それとも、アンデットの大軍が押し寄せたのか?


一体何を言うつもりだろう。


静まり返った室内は、防音の魔法が効いているからだろう。普段にぎやかな組合のロビーの喧騒も聞こえてこない。


相変わらず、だまって見つめてくる組合長。

この人もボロデット老師と同じ真の勇者との間に生まれた子供の一人だ。ただ、国民との間の子供なので、普通の勇者と同じ能力になる。

それでも、この人は冒険者として長年過ごしてきたから、その実力は並みの勇者では太刀打ちできないだろう。


「実は……」

やけに前置きが長い。
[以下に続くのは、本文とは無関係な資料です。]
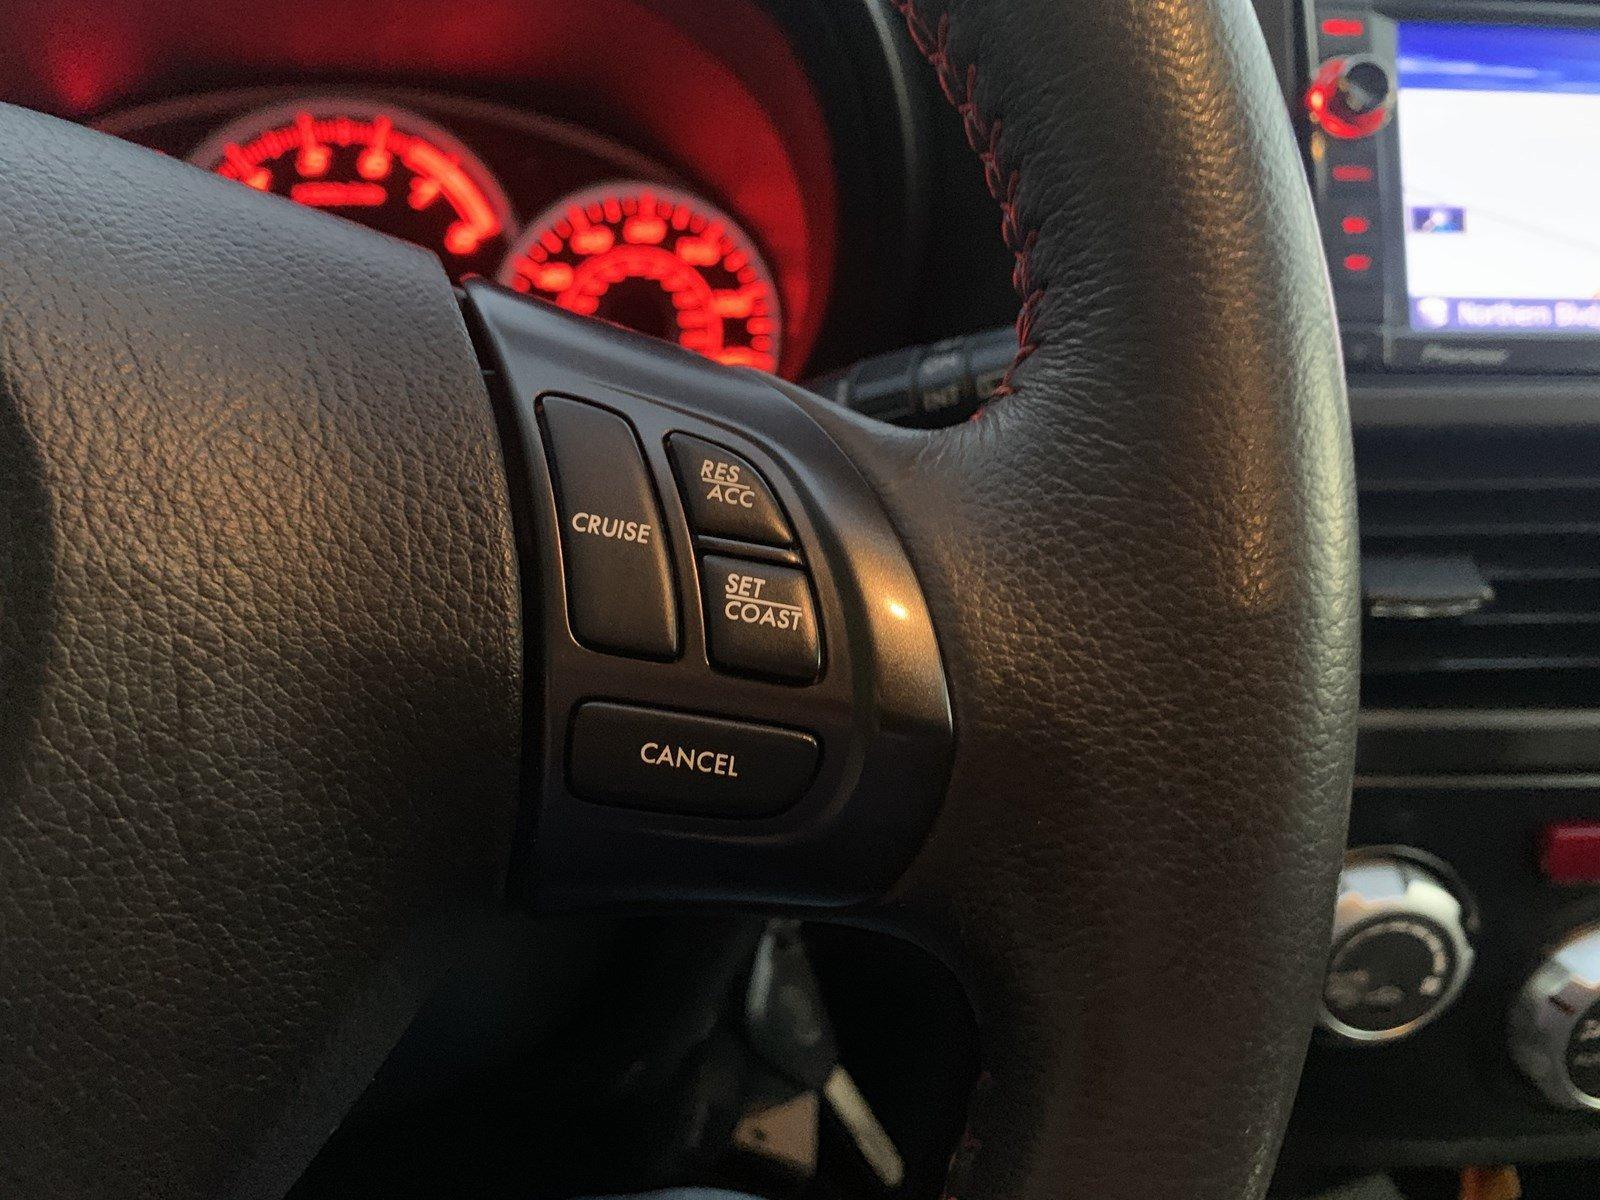 Used-2011-Subaru-Impreza-Wagon-WRX-WRX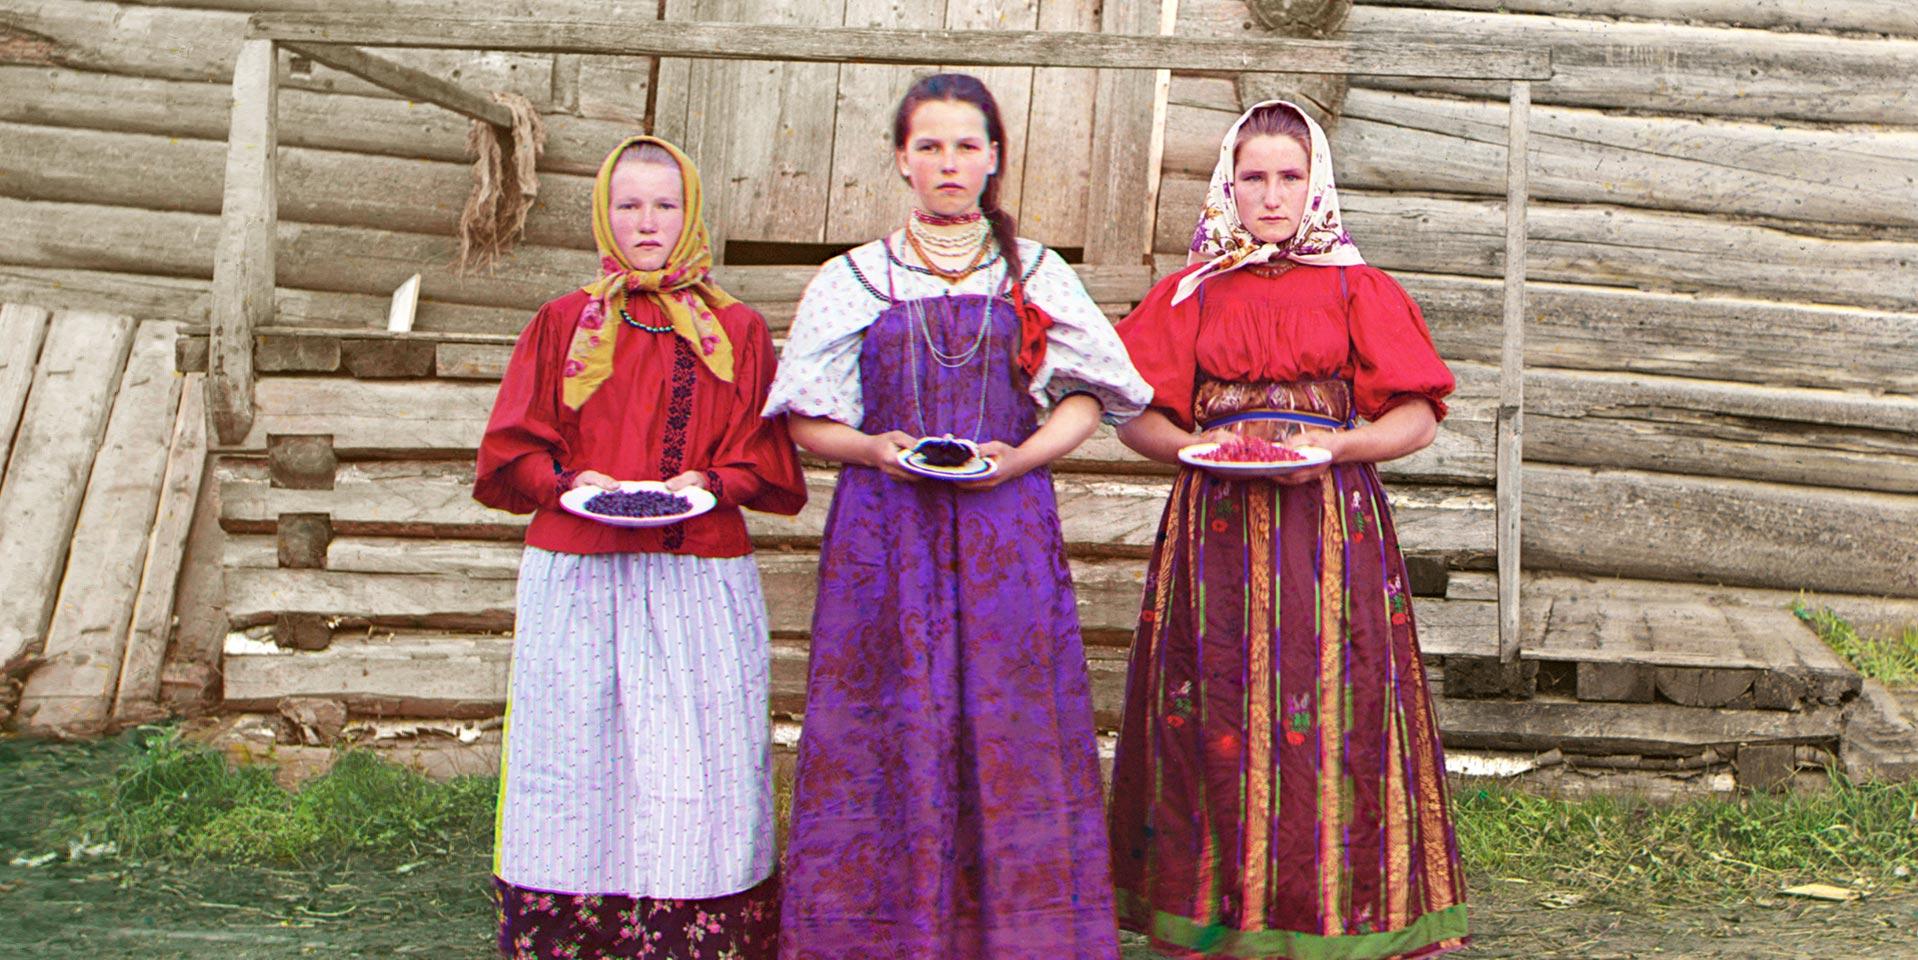 Tradição / Tradition

思わずつばを飲み込んでいた。

普段歯切れがいいだけあって、こんなことは初めてだ。


これは、よほど重要なことに違いない。


何が言いたいのかわからないけど、何を言われても答えれるだけの心の準備はしておこう。

この後マリウスとミストと戦うことになっているけど、それと同じくらい緊張してきた。


「実は、ウチの曾孫のミリンダちゃんがですね……」

「帰ります!」

思いっきりテーブルをたたきわって、部屋を出た。